A home owner has their idea of the home’s present value but the purchaser has the final say on current value. It’s probably more efficient and fair to include additional taxes at the time of purchase. Trying to collect on an estimation of the property value changes is probably beyond governments’ abilities. Let alone the challenges of calculating a fair tax rebate if property prices decline.
It would be easier to close the Bank of Canada and out source the work to the U.S Federal Reserve
They should puta tax on eggs too, to bring price down I used to buy it for $1.67 from no frill s now is $3.07
“political” risk is the only one politicians care about.

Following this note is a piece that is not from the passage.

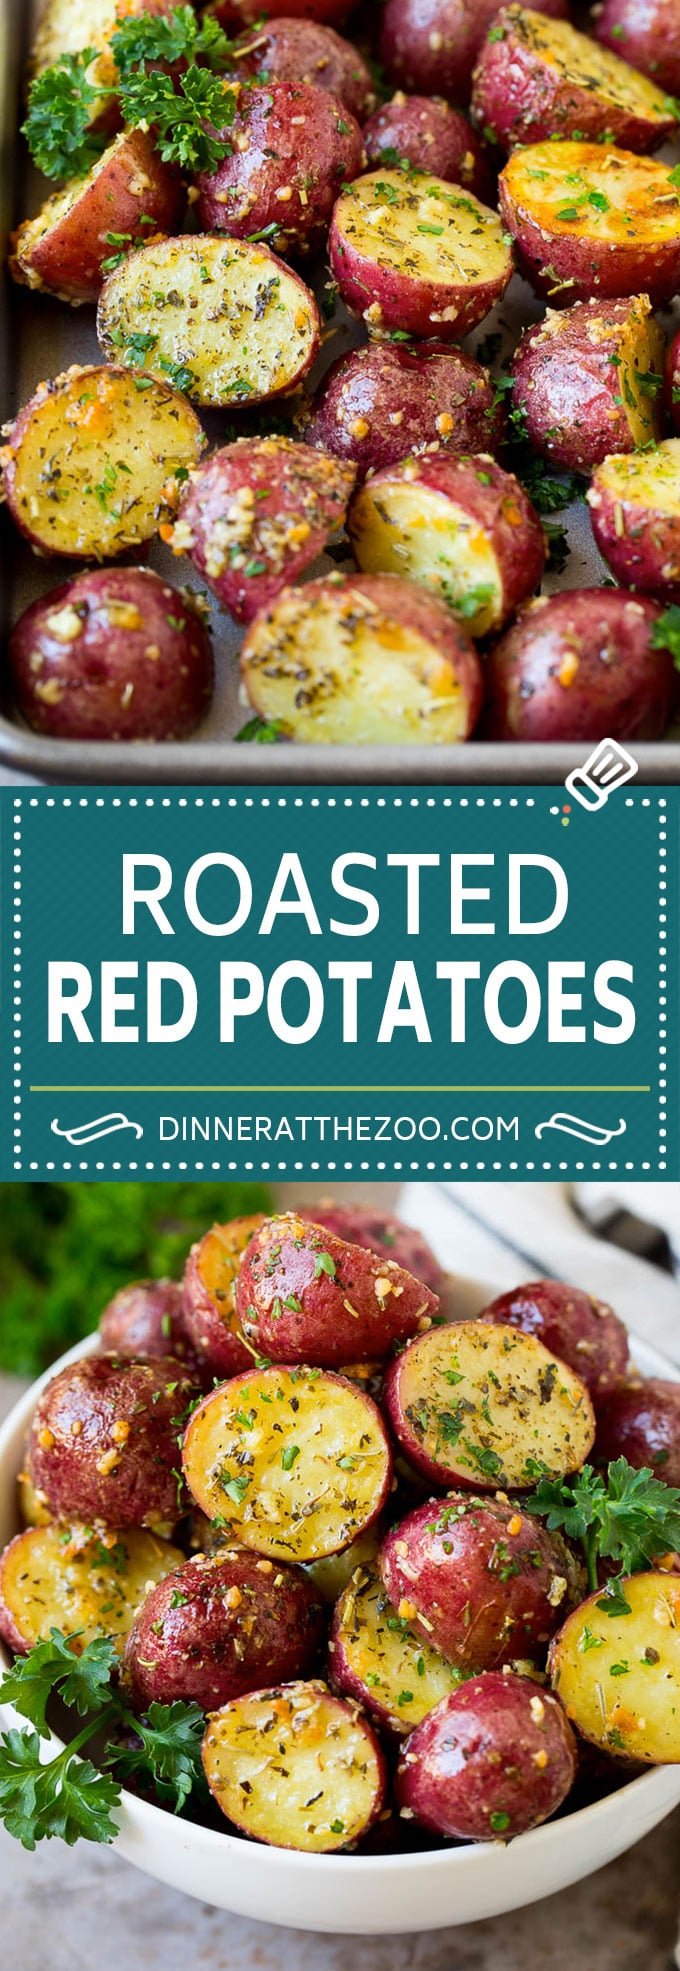 These roasted red potatoes are coated in garlic, herbs and parmesan cheese, then oven baked to golden brown perfection.

Get 20% of the vote to get in office, the rest of the country be damned.
Seems like a super minor tax to me. So a homeowner with a 1.2 million dollar home pays $400 in tax ($33 per month), and that is supposed to cool the market? A 1.2 million dollar house in Vancouver appreciated approximately $400,000 last year ($33,000 per month). So you think an investor is going to think “hmmm, I would only gain $399,966 now… I’m not going to invest” LMAO
don’t we already have property taxes? and aren’t they tied to “current value”? just an excuse by progressives to tax more, utilizing envy.
No, property taxes are not really tied to current value – one’s property taxes do NOT go up specifically with increasing assessed value.
One’s prop taxes go up if 1. that property’s assessed value increases more than other properties in the municipality or 2. because the municipality needs more revenue and so increases the mill rate fo everyone.
If everyone’s assessed went up say 20% but the municipality didn’t need extra revenue compared to prior year, the property taxes on an individual property would remain same as prior year (mill rate would be set lower for everyone).
Think total revenue needs of muni / total assessed value of properties in muni = mill rate for the year.
And your prop taxes = your assessed * muni mill rate.
This is ridiculous. “Only impacting 9% of homes in cities like Vancouver/Toronto. News flash 1 million dollar homes are the minimum in almost every part of BC up up Hope which like 2+ hours away. This would be stupid and penalize people who just barely got into the housing market. Instead focus on the corruption and money laundering plus raise interest rates in general.
It’s all the government costs that have added to cost of housing especially in Toronto all in the name of taking from hard working Canadians and give to the ones that don’t. Socialism does not work and Canada has embraced it hook line and sinker. A day of reckoning is coming and the only way to reduce the cost of housing is to increase interest rate to normal levels, but all politicians are to weak to say this.
It really doesn’t matter how its calculated, but if a tax is payable at the time of the sale of a property, it is a land-transfer tax, pure and simple. You can try to camouflage it whichever way you like, but if it walks like a duck…
Here in Toronto, we already have two land-transfer taxes, one to the province and one to the city. Far from reducing property prices, it has caused them to go up. The greater the tax on the sale/purchase transaction, the less likely it becomes that people are going to want to sell their homes. That’s what’s happening right now. People are staying put, and the few homes that do come up for sale, become priced much higher than they otherwise would have been. This kind of tax will only have the opposite of the intended effect.
What I really want to know is why the CMHC paid taxpayer’s money to these people for such idiotic work, and also why the Liberal government seems to think that raising taxes is the solution to every problem.